4 minute read
TRIGGERED! How Federal Agencies and Credit Bureaus Are Working Against You
Have you heard customers complain about receiving junk phone calls from other lenders after applying for credit?
Based on what we’re hearing from banks, it’s an issue happening across the board. The cause for these unwanted solicitations? Trigger leads.
by Timothy Schenk, General Counsel
Trigger leads are leads that come from mortgage trigger products offered by the three major credit bureaus. When a lender requests a credit report, that inquiry automatically “triggers” lenders that a customer is looking for credit. Lenders of all sorts purchase that information and then begin calling your customer, tens, if not hundreds, of times.
The nature of these calls is concerning. One bank president who recently asked what we are doing to combat trigger leads told a shocking, but not unique, story of harassment.
His credit report was pulled on a Tuesday at 9:30 a.m. His first call from lender came just ten minutes later. By Friday, he had received fifty-one harassing calls. Lenders refused to stop calling, would not provide their full names, offered unrealistic loan terms (often the source of bait and switch), and knew personal details that he could not trace. It all began when the credit bureau sold his personal information. He asked the same thing that many bankers ask: How is this legal?
Trigger leads are not only legal, but are encouraged by some regulators. The Federal Trade Commission and Consumer Financial Protection Bureau believe these triggers are valuable because they offer more options for customers. While the regulatory compliance side of me wonders how any of this passes the ever-obscure standards of UDAAP, I’ll digress for purposes of this article.

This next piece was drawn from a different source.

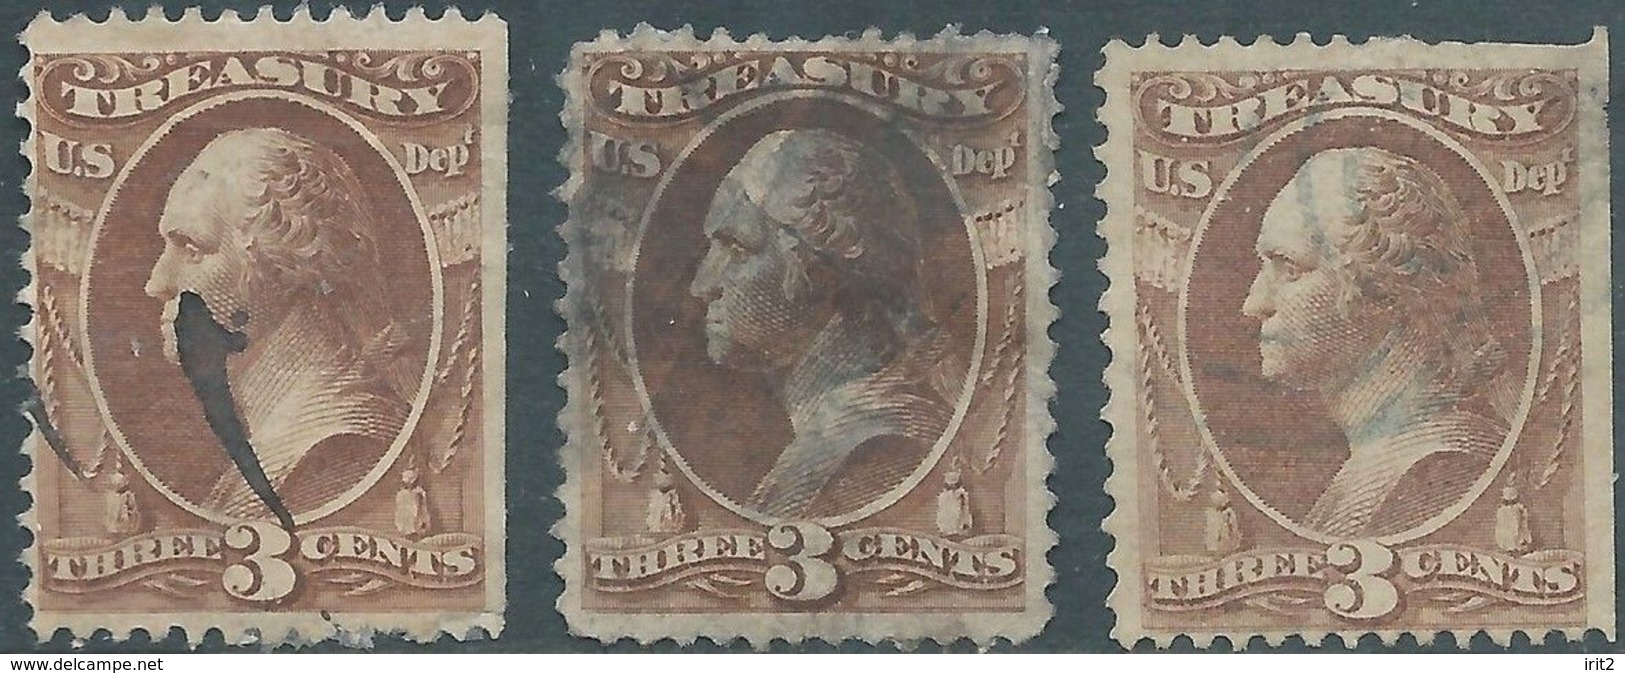 Stati Uniti D'america,United States,U.S.A,1873 Revenue Stamps 3c MINISTRY OF TREASURY,Used - Dienstmarken
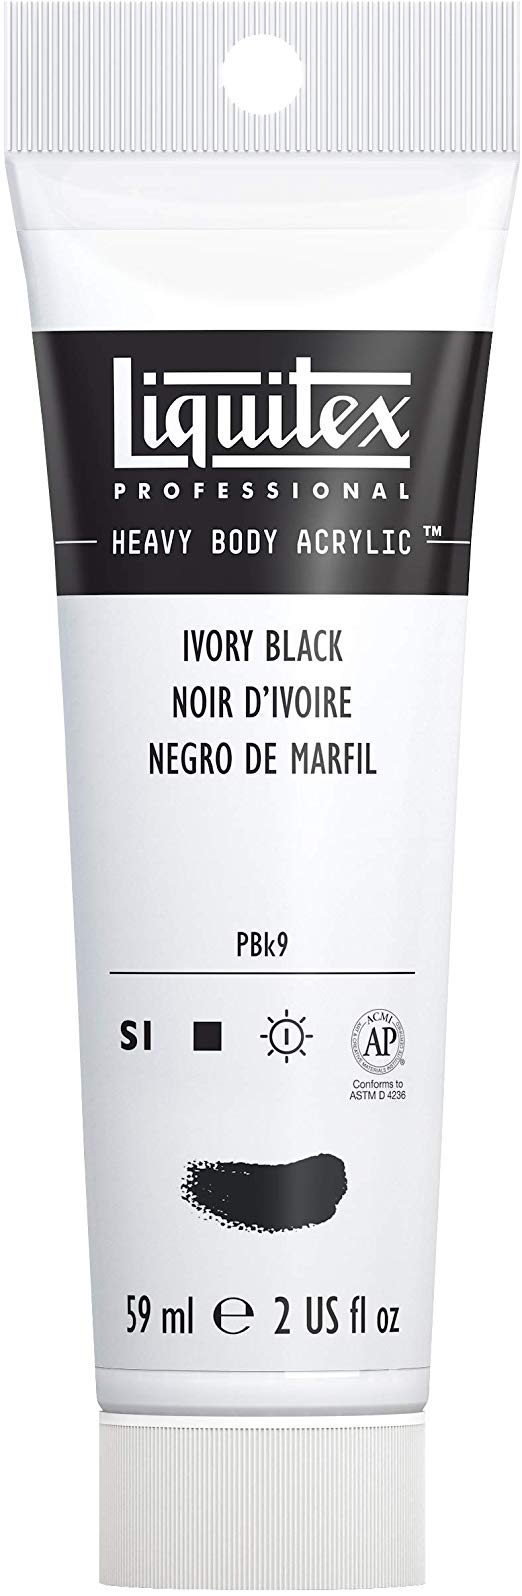 Liquitex Professional Heavy Body Acrylic Paint, 2-oz Tube, Ivory Black

So what is being done? The good news is that we are taking the fight to the credit bureaus.
On the federal level, bipartisan legislation has been introduced – the Homebuyers Protection Act (S.3502/ H.R. 7297). These bills would not only enhance consumer protection and strengthen trust in the financial system, but would significantly limit the ability of credit bureaus to share your customers’ information with third parties.
On the state level, Representative Steve Bratcher has filed House Bill 578, which would essentially ban trigger leads. The bill prohibits credit reporting agencies from furnishing customer information to third parties without customer consent, provides for supervision from the Attorney General, a private right of action that would allow customers to sue credit bureaus that violate the law and statutory damages. As of the date of this writing, House Bill 578 passed unanimously out of the House Banking and Insurance Committee and was referred to the House of Representatives for a full vote.
While legislative action is in process, you can educate customers to minimize the impact of trigger leads. Optoutprescreen.com will take your customers’ name off of the “trigger lists” from the credit reporting agencies for five (5) years or permanently. The site will ask your customers for personal information, including their name, address, social security number and address and may take several weeks to process, but it has proven to be effective. The customer can even selectively choose which portions of “trigger leads” they would like to screen (calls, but not mail, for example). OptOutPrescreen.com is the only internet website authorized by Equifax, Experian, Innovis and TransUnion for consumers to opt-out of firm offers of credit or insurance.
Another option is for customers to register their number on DoNotCall.gov. The process takes a minute or two but can prevent unsolicited phone calls. It can take up to thirty-one (31) days to process, but it can prevent many unwanted calls.
The other means of protecting your customers is education. You are likely the first person to discuss trigger leads with your customer. By bringing their attention to the issue, you may prevent them from falling prey to scams and fraud while also protecting your institution from losing that customer.
While we cannot promise an overnight fix to these issues, we are fighting for you on every front to stop trigger leads. In the meantime, please make your customers aware of the options they do have to fight trigger leads to avoid potential harassment, confusion and deception.